We improved the visibility of collapsed sections on the Scanners page.
Custom GenAI scanners weren’t showing a description in their corresponding Playground card. This has been fixed.
Red-Team report names now have a maximum length of 100 characters.
We fixed a couple of UI issues that caused the navigation to stay or become in the collapsed state unexpectedly.
We made some inconsistent button labels consistent on the Scanners screen.
In some cases, users could not save a custom scanner after switching between scanner types. This is fixed.

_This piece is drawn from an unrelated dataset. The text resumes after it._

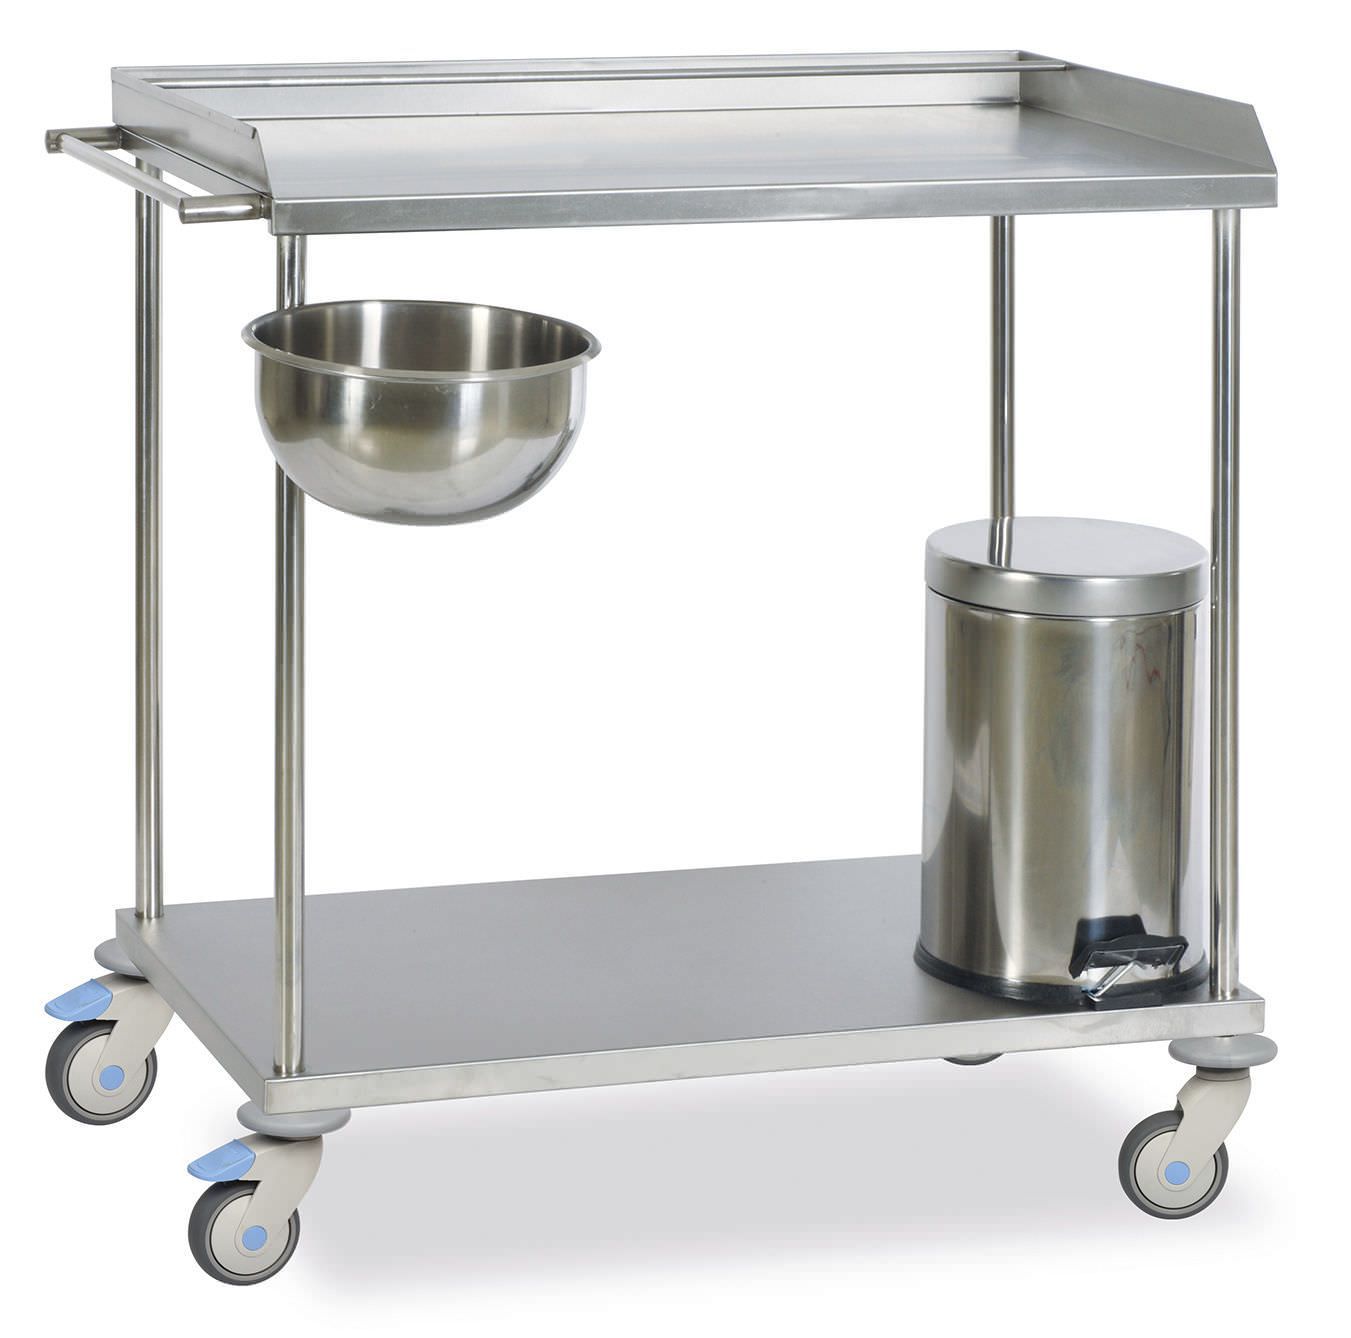 Dressing trolley / stainless steel / 2-tray MAPA 7505 MIXTA STAINLESS STEEL HOSPITAL EQUIPMENTS

We’ve improved the instructions in the “Upload a file” function for GenAI custom scanners to be more understandable.
Users can now cancel an in-progress attack run.
We uncovered a few edge cases related to the Custom Roles behavior that have been fixed.
Editing one campaign unintentionally put all other campaigns into edit mode as well. This has been corrected so that only the selected campaign is editable; all others are in view mode, as expected.
We rewrote an incorrect explanation text associated with what were previously called “Signature attacks,” now called “Agent prompt attacks,” in the Agentic Warfare campaign tab.

Known issues

Some customers may experience slow load times on the Red-Team Reports page and the Custom Roles page.
The CalypsoAI scanner packages table still shows headings for “Scan,” “Status,” and “Enforce” even those controls have moved away from packages onto individual scanners.
While editing a Campaign, if you leave without saving, changes to custom intents are saved anyway.
Double-clicking on the Create Campaign button will create two identical campaigns. Some might consider this a feature, but we’ll be fixing it soon.
Users creating a custom provider will encounter an error when they try to add a logo to that provider.
The Campaign description has a character limit, but it’s not enforced on save.
App projects are missing the API key icon in the tile UI.
When creating a custom regex scanner, especially when pasting in code, invisible spaces at the end of the string are saved instead of trimmed automatically. This can make it hard to debug malfunctioning regex.